I’m convinced that, like misery, dysfunction loves company. An unmistakable sign of a dysfunctional person is that they will make you feel as though you are the one who is crazy. One clinical term that quickly comes to mind is narcissist. Boy, have I met a few! They distort reality to feed their dysfunction, mostly at the expense of others. Truth is manipulated and even denied for their benefit in an effort to cover the offense. They are masters of the blame game and masking their brokenness. Responsibility…..well, they claim none. It will feel as though you are literally beating you head against a brick wall.
If you’ve felt alone in relational predicaments that are destroying the best of you, know that you are not alone. It is ok to put space between them and you! But, be prepared for pushback. Most unhealthy people will not meet your requirements. Instead they will choose to walk away or toss the ball back in your court. Although they are the ones who probably need boundaries the most, they are the ones who will probably respect them the least. Trust me. I’ve seen it happen up close and personal. Taking responsibility requires maturity and humility.
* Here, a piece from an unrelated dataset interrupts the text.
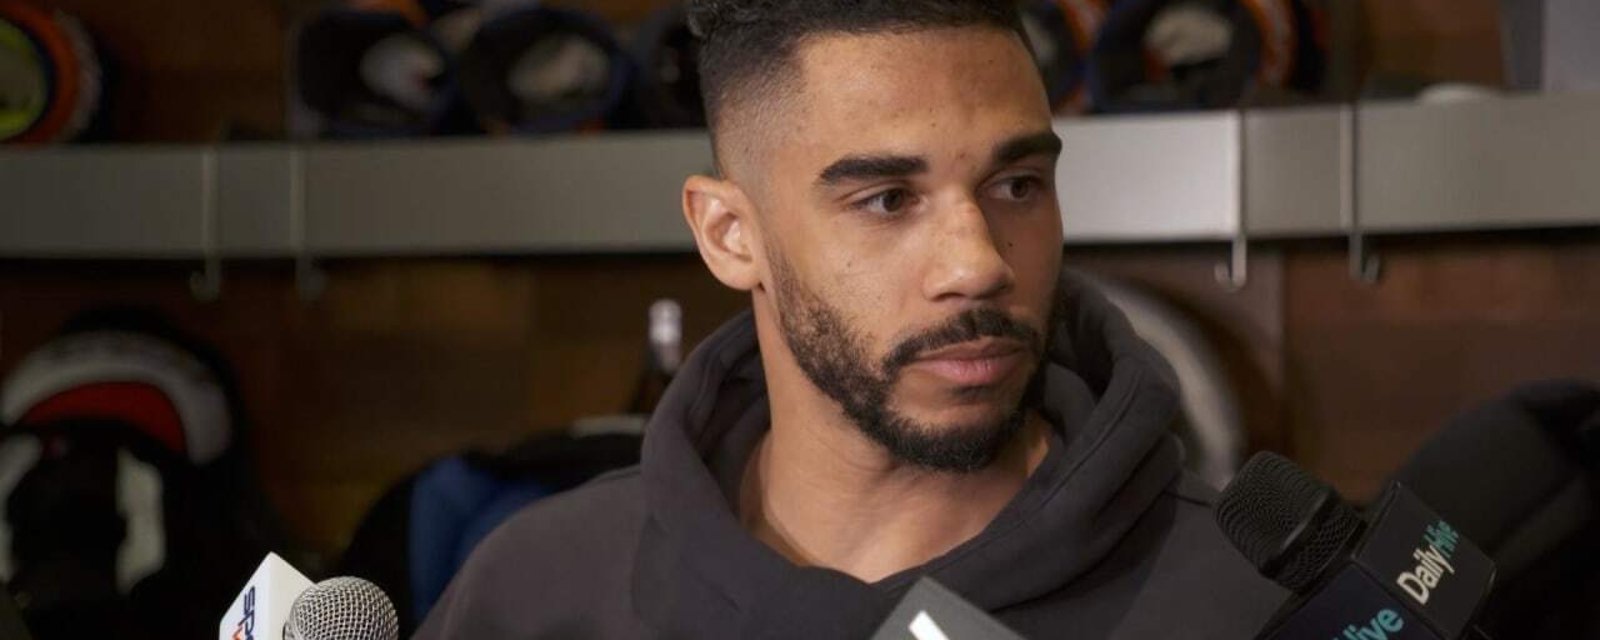 Things turning ugly in cost-costing trade for Evander Kane in Edmonton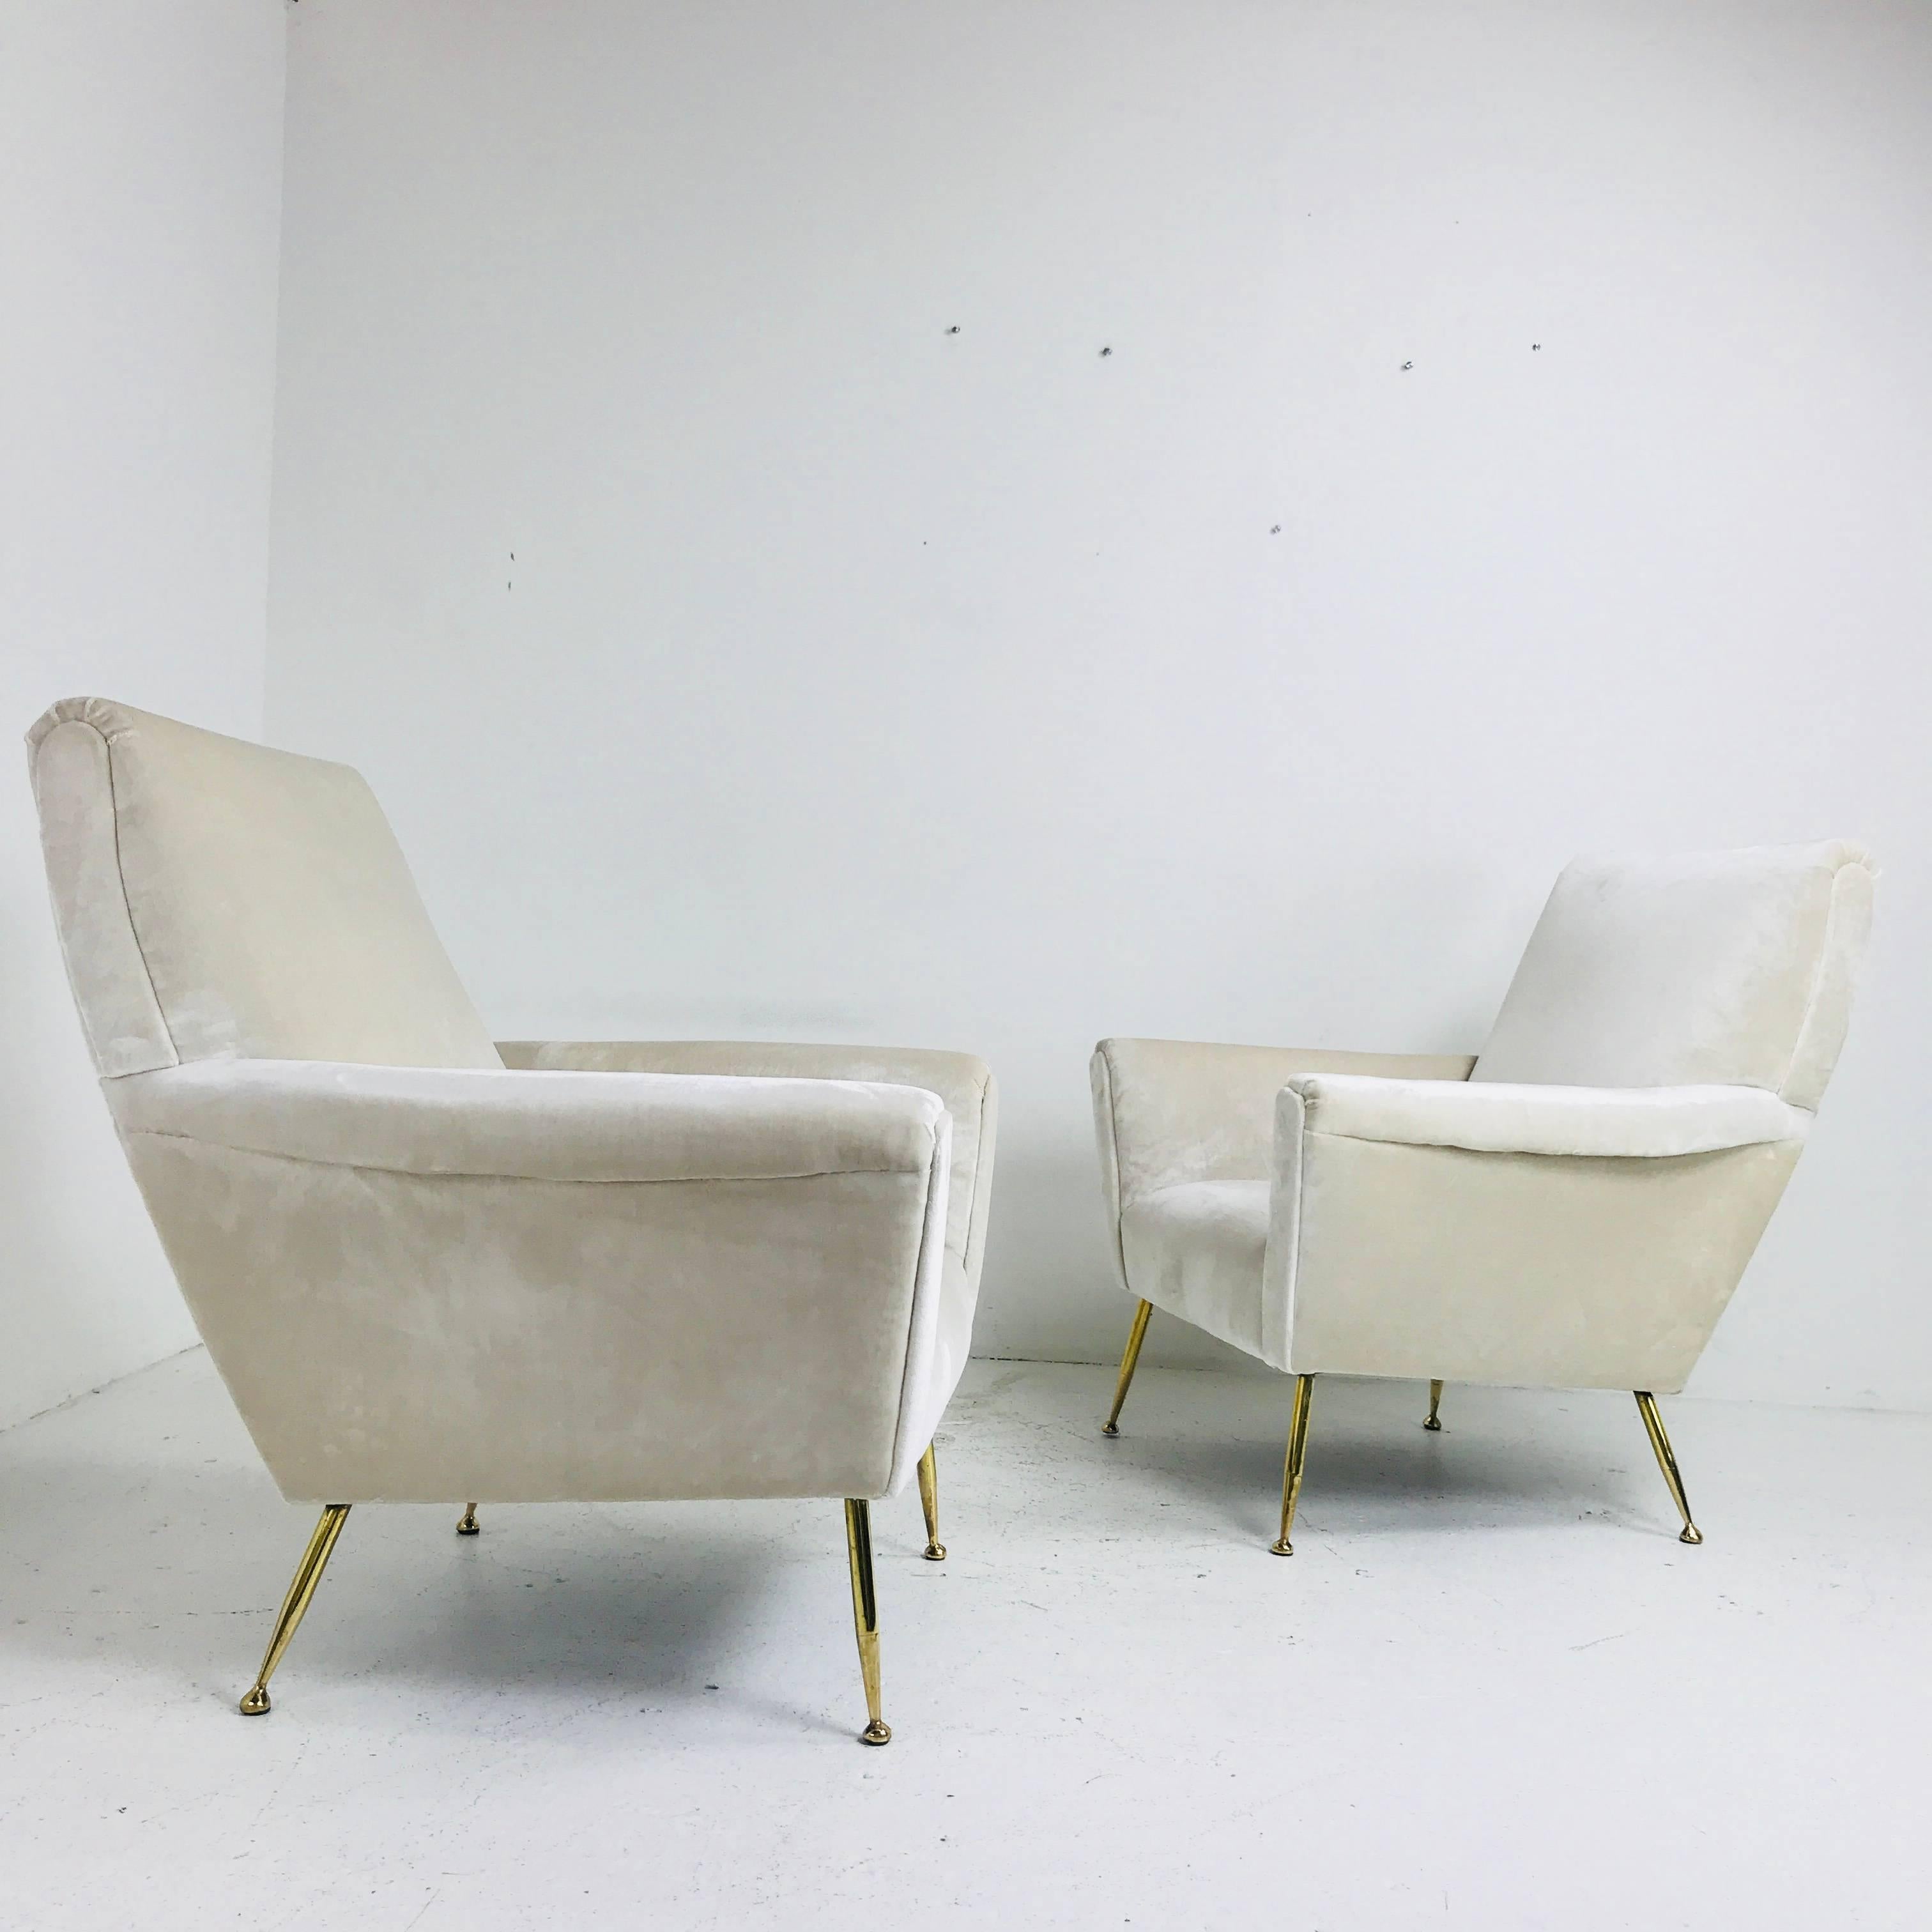 Plated Pair of Vintage Italian Lounge Chairs with Brass Legs

Jesus also understands this relational pain at a core level. I can only image what it would have felt like to be kissed on the cheek by Judas, a beloved disciple, signaling His arrest to the soldiers of Caiaphas. My blood boils just thinking about the injustice of it all. The disciples were his innermost circle, having traveled and done life with Him for months. Jesus would lay down His life for us, and Judas hijacked His trust…..all for a few pieces of silver.
I suspect we’ve all experienced the kiss of Judas at one point or another in our lives. I certainly have. For many years I made the mistake of attaching a portion of my identity to the sins of a dysfunctional person. When I look back, these were all places where trust had evaporated long ago. Instead of creating space, I often became part of the problem when I cared more about rehabilitating their dysfunction than they did.
When betrayed by humanity, Jesus knew who He was and where His identity was rooted. Likewise, we must also root our identity in God alone. God gets the final judgment. He is the end all, be all. Alpha and omega. No one else. Once fully grasped, you can release yourself from the dysfunctional stress of others, knowing who you are fully in Christ.
As Lysa Terkeurst writes in her book Good Boundaries and Goodbyes, “you can’t enable bad behavior and call it love.” God does not expect that for Himself or us. Over and over, we see relational boundaries laid down by God. Adam and Eve, the Israelites….and the list continues. Healthy boundaries prevent dysfunction from destroying what God intended love to be. It exchanges bitterness, resentment, and anger for peace, kindness, and trust. Best of all, it allows us to care for and love others while not losing ourselves!